Washington Governor Jay Inslee and other lawmakers say they'll be working on legislation to shore up more protections for people seeking abortions in the coming weeks. 

The announcement comes on the heels of yesterday's Supreme Court decision to overturn Roe v. Wade, which Inslee says leaves people in half of the country without abortion access.

The governor announced Saturday that he’ll be asking legislators to pass a constitutional amendment to further protect women in Washington State.

"We have to stand strong, and we will make Washington State a sanctuary state for the right of choice," said Governor Inslee. "If we have a constitutional amendment, we can’t guarantee it will pass, but if we elect enough people who believe in the right of choice, it will."

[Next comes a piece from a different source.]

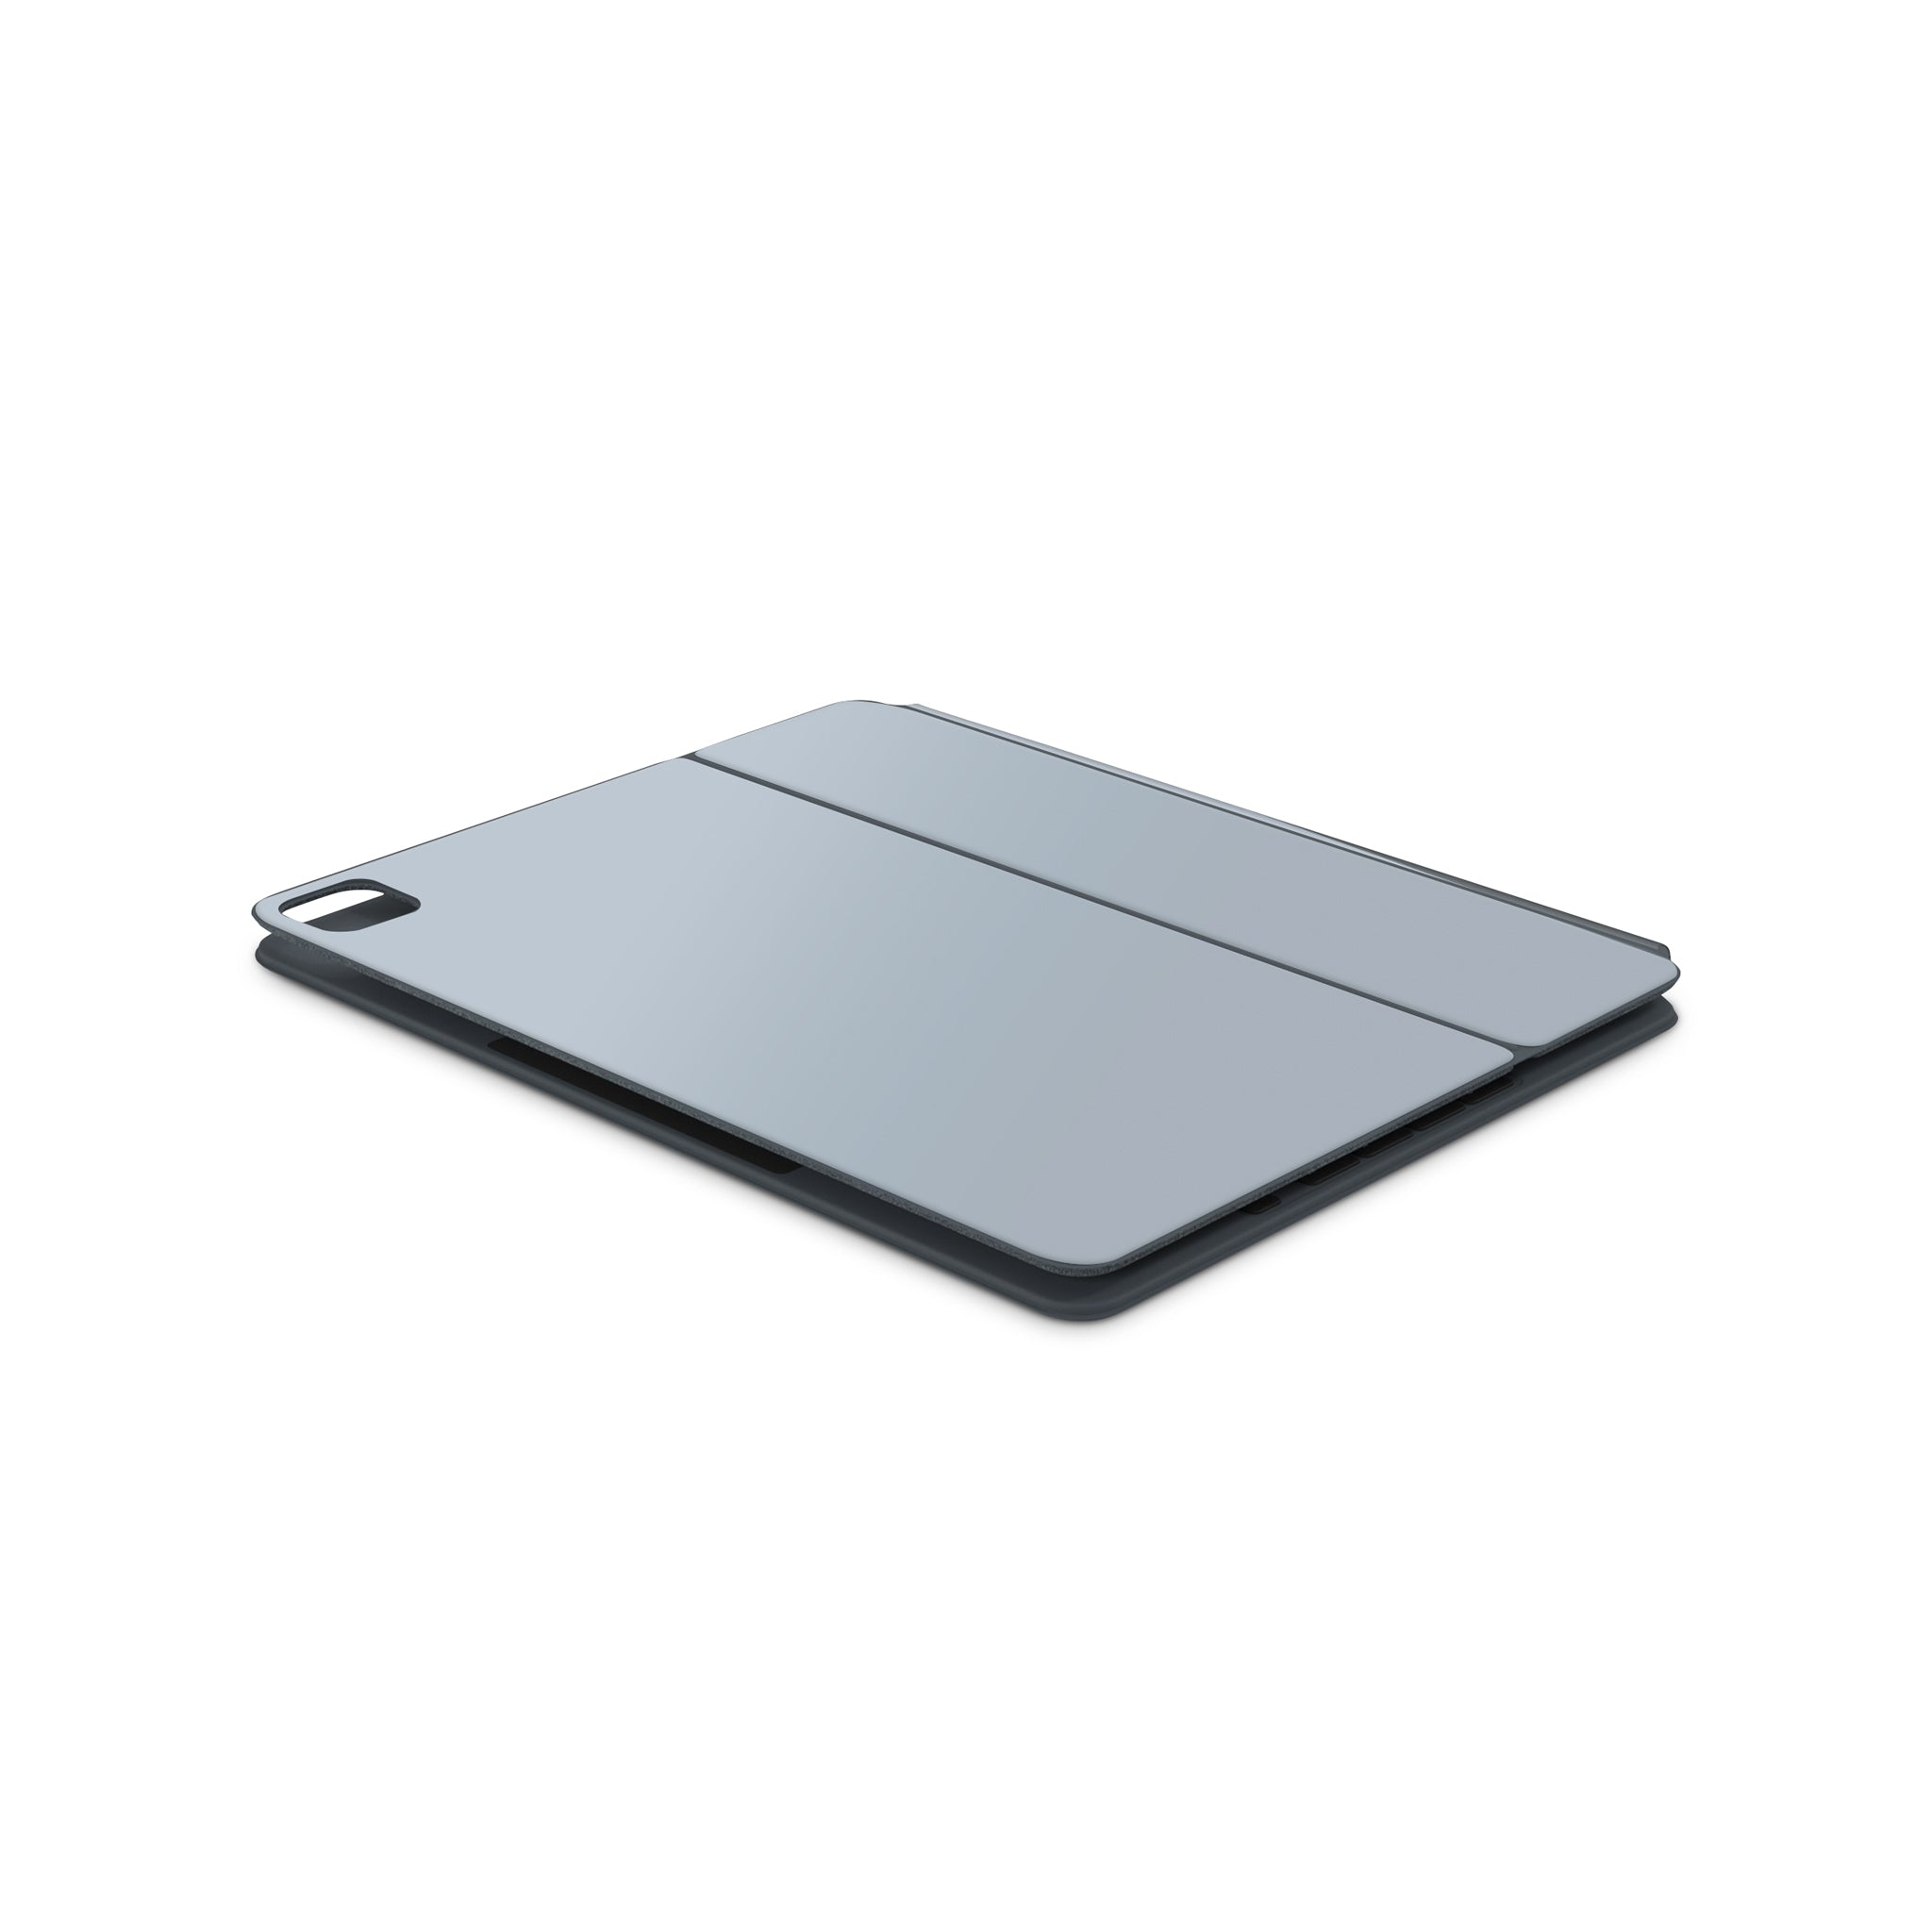 UNIQFIND Soft Blue Magic Keyboard Skin for iPad
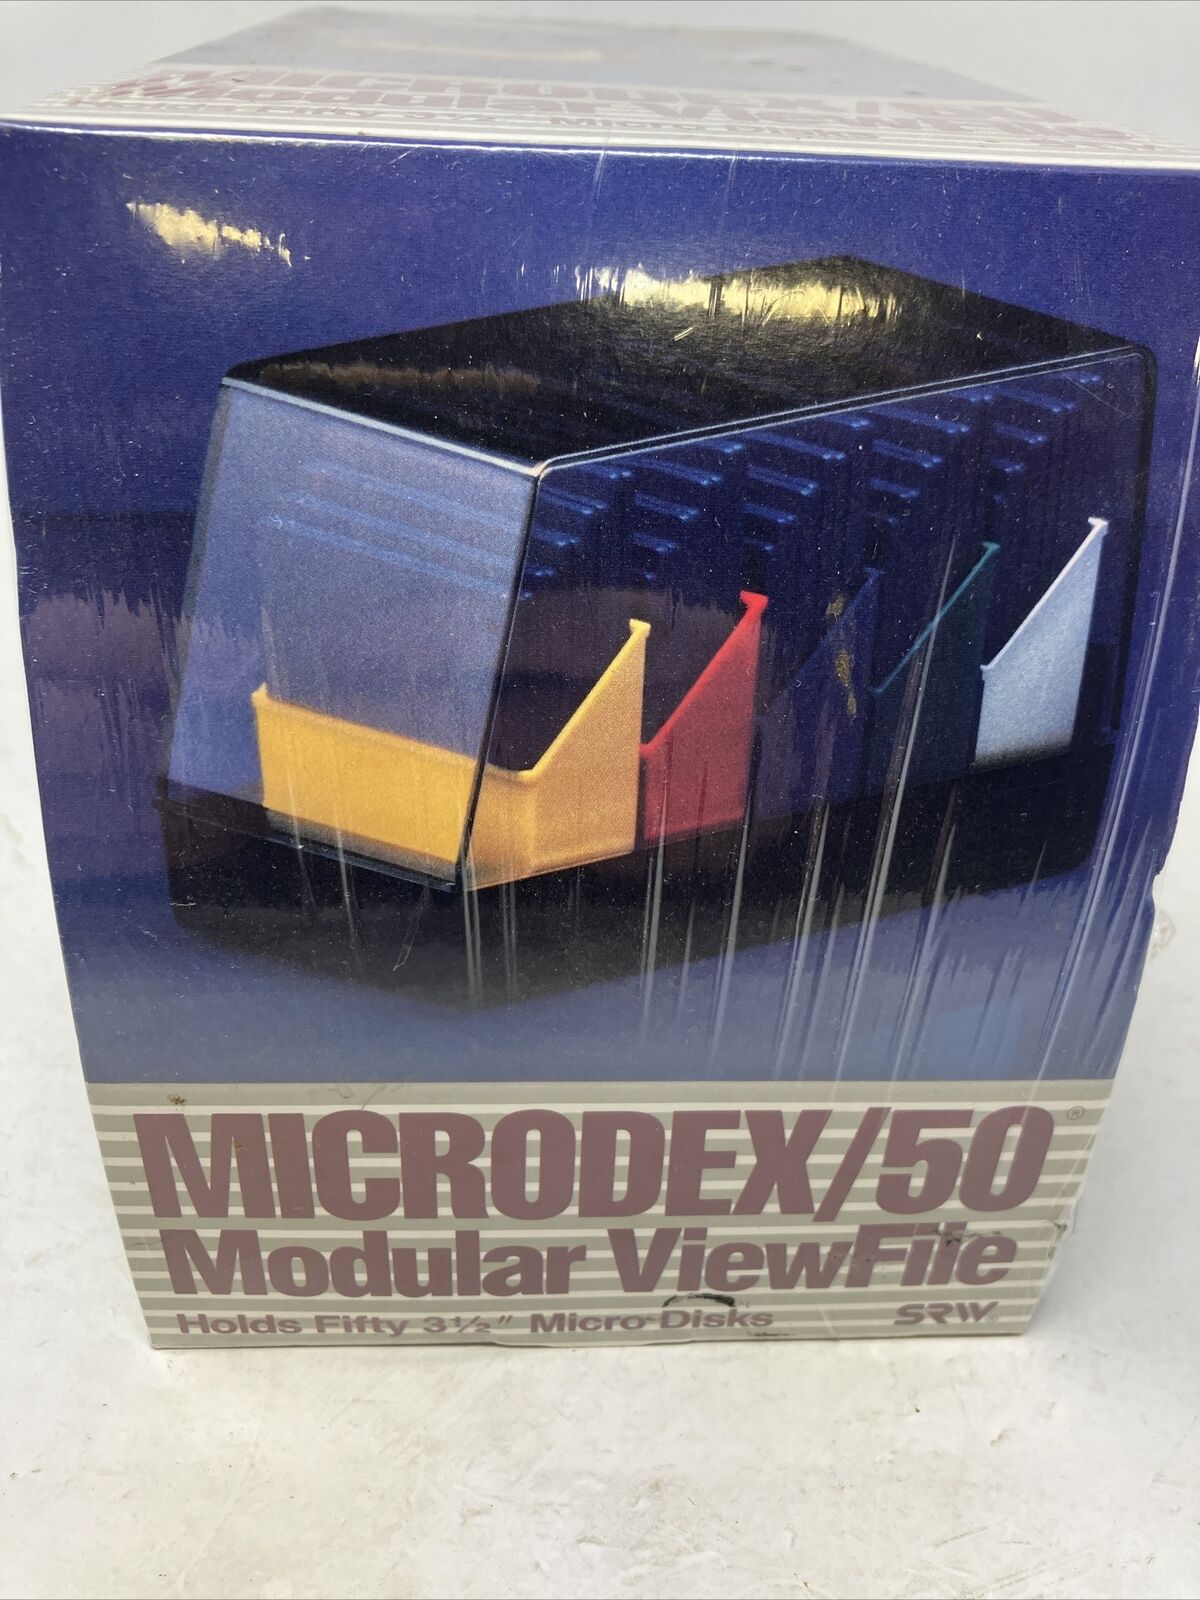 Vintage Color Coded 3.5 Inch Floppy Disc Holder For 50 Discs. 1988 SRW

Following the Supreme Court decision, it is now illegal to seek an abortion in 23 states, and will likely be illegal in another three states. That leaves the East and West Coast states the only place were abortion health care is not banned.

Companies like Amazon, Alaska Airlines, Meta, Microsoft, Starbucks and Tesla are expanding insurance to cover travel costs for their employees to seek abortions in neighboring states.

"Because of this Republican assault on women’s rights in this state, without a constitutional amendment to solidify this right under the state’s constitution, we are one Republican majority away from losing that right of choice in the State of Washington," said Governor Inslee. "Accordingly, I will be asking the legislature to pass a constitutional amendment under our state’s constitution to protect women in our state."

"These restrictions are not based on science or medicine," said Rep. My-Linh Thai, D-Bellevue.

"I’m here today not only as a legislator, but as the 1-in-4 women who had an abortion," said Rep. Jessica Bateman, D-Olympia. 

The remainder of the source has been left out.